■ Exercise requirements:
Output all of the lines below exactly, and leave out each image.

■ Supplied data:
================================
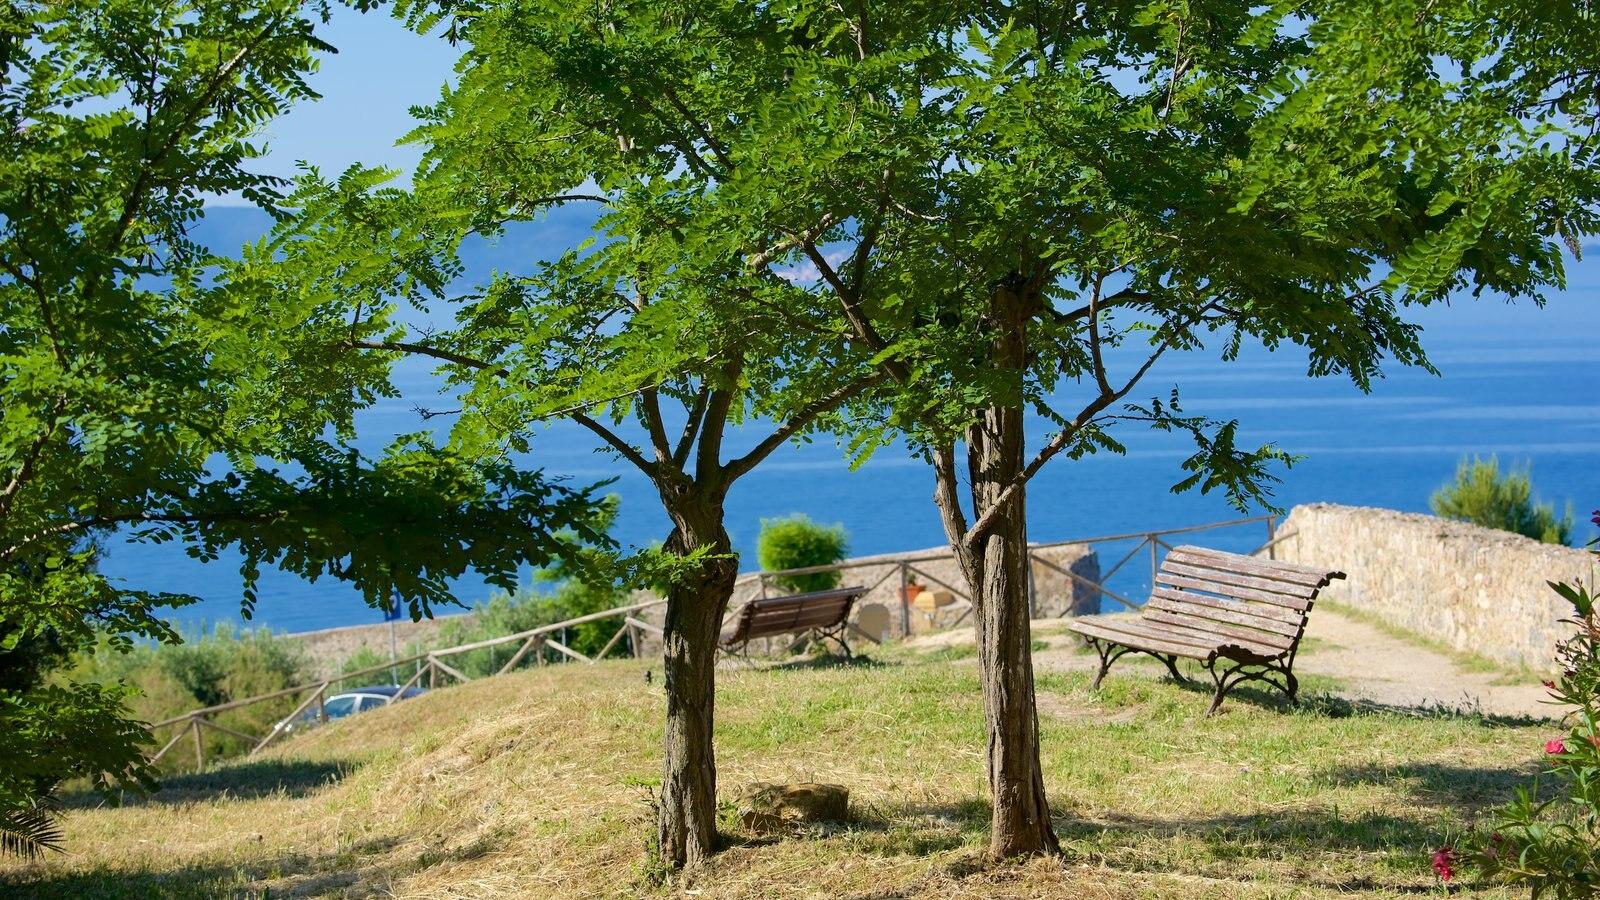 Talamone mostrando uma cidade litorânea e paisagens litorâneas
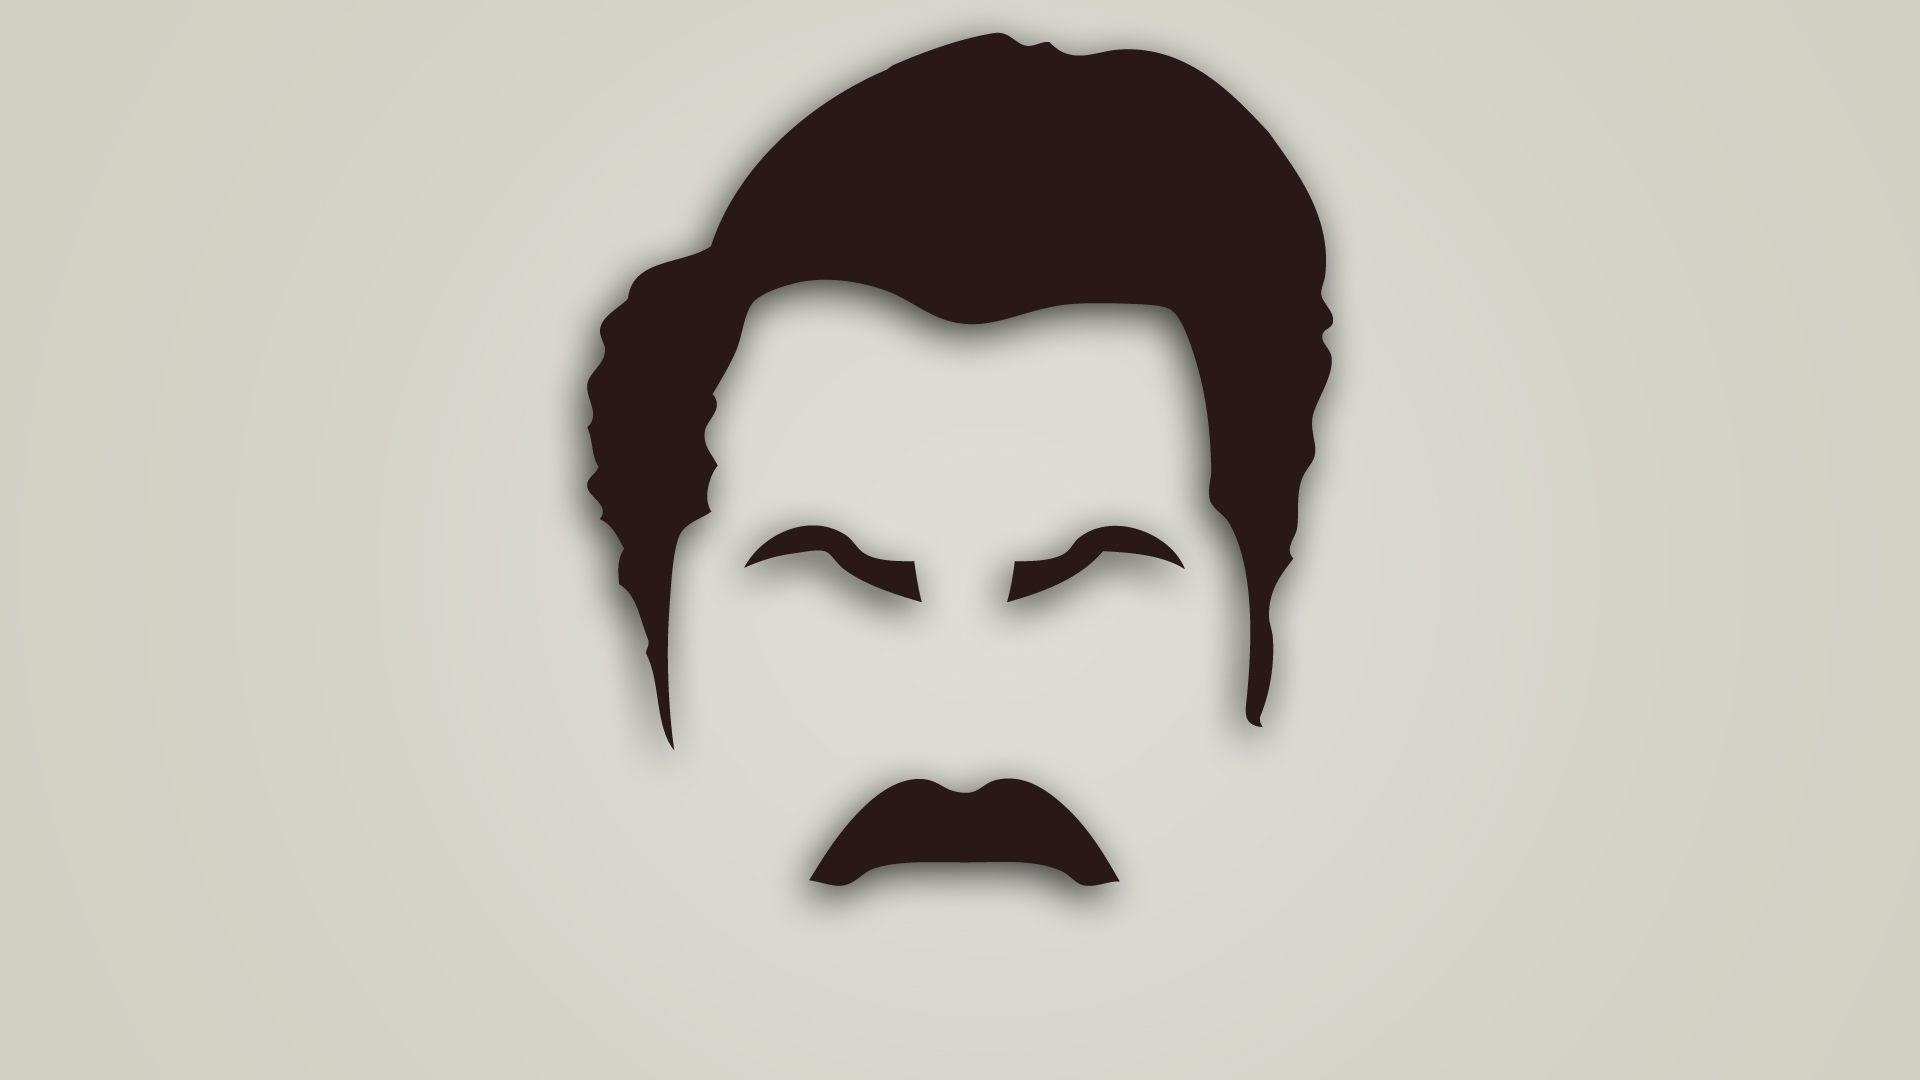 Fall In Love Wallpaper Free Download Mustache Wallpapers Hd Pixelstalk Net
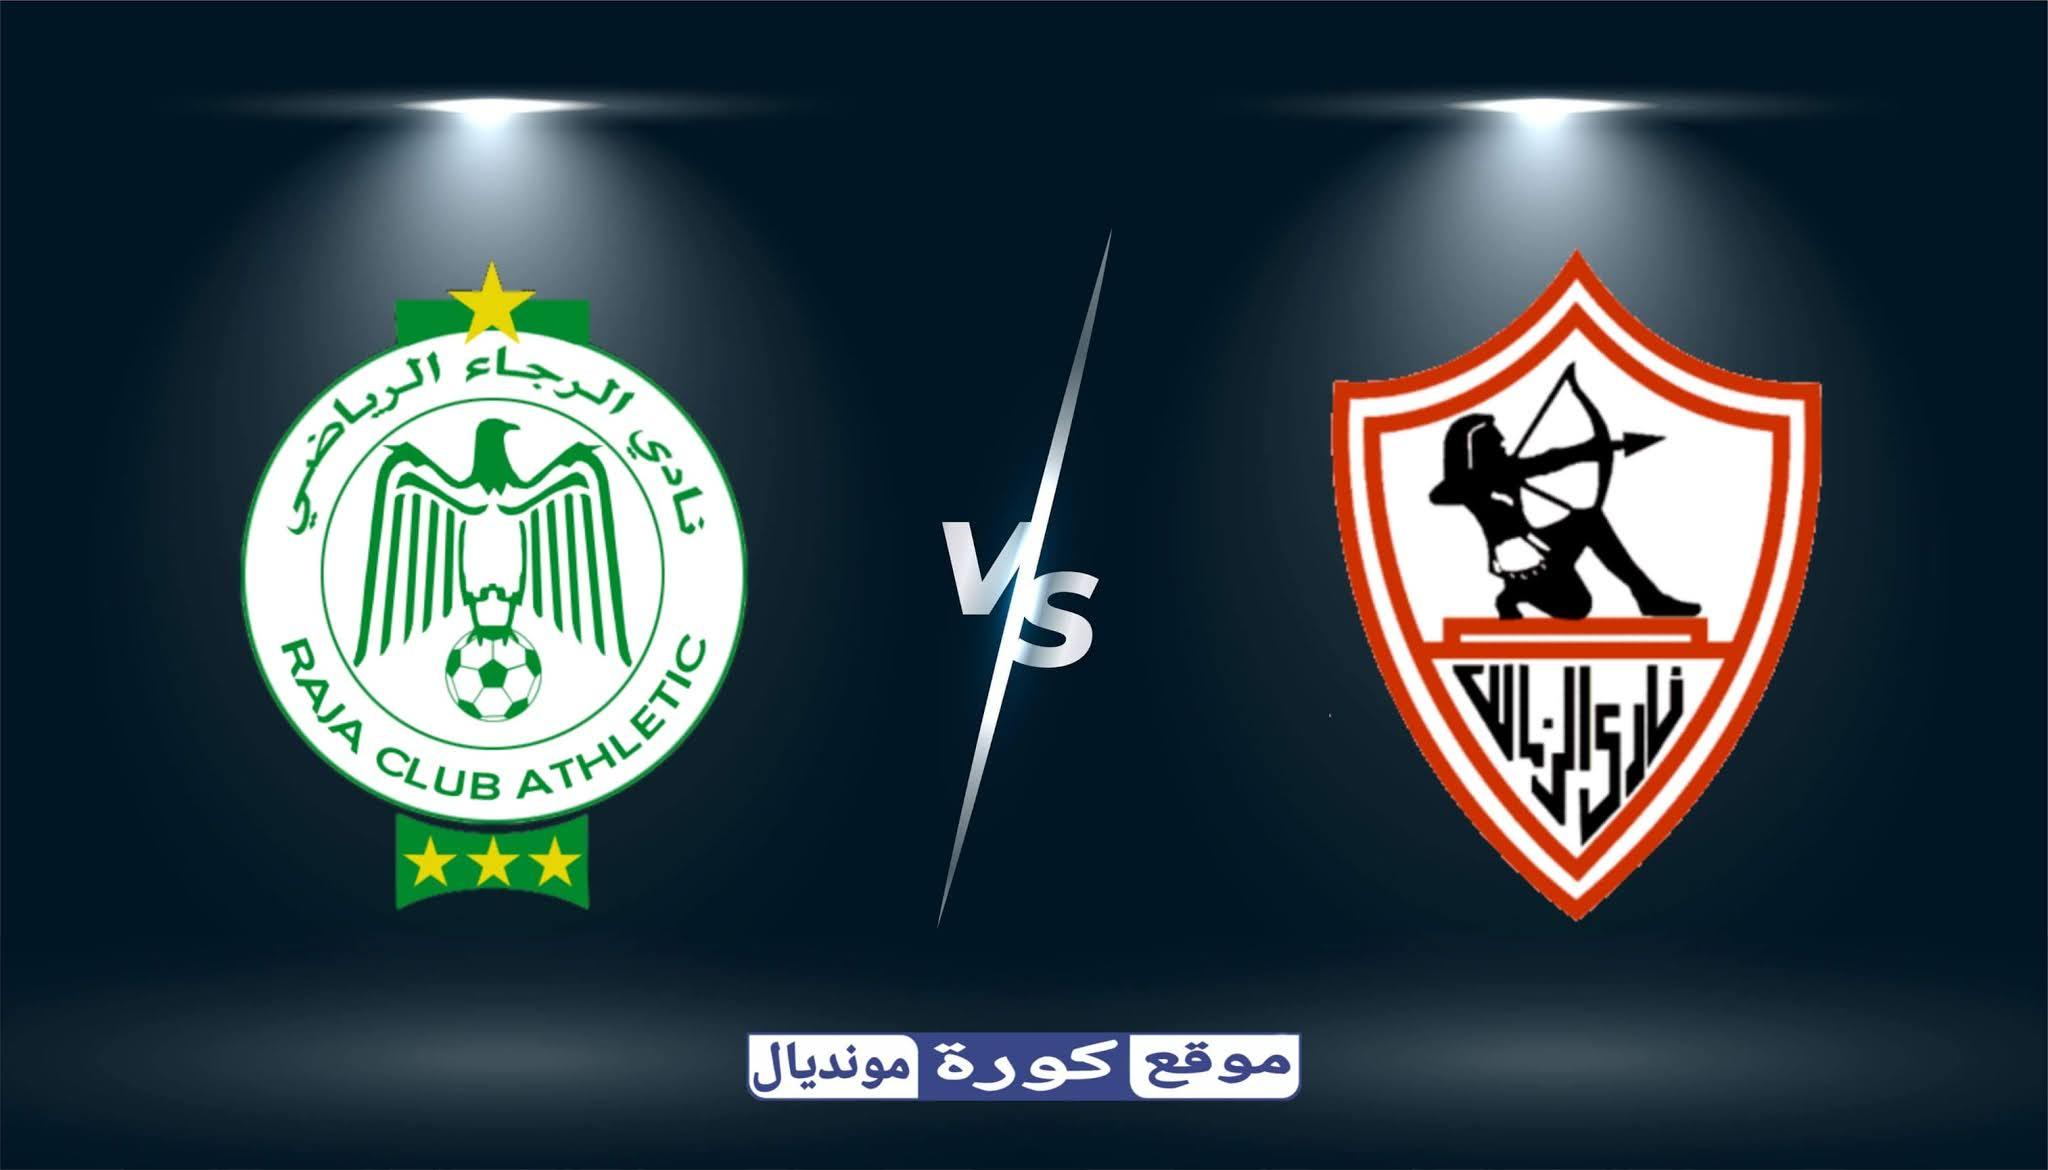 مشاهدة مباراة الزمالك و الرجاء البيضاوي بث مباشر اليوم 04-11-2020 في دوري أبطال إفريقيا
================================
■ Task solution:
 Talamone mostrando uma cidade litorânea e paisagens litorâneas
 Fall In Love Wallpaper Free Download Mustache Wallpapers Hd Pixelstalk Net
 مشاهدة مباراة الزمالك و الرجاء البيضاوي بث مباشر اليوم 04-11-2020 في دوري أبطال إفريقيا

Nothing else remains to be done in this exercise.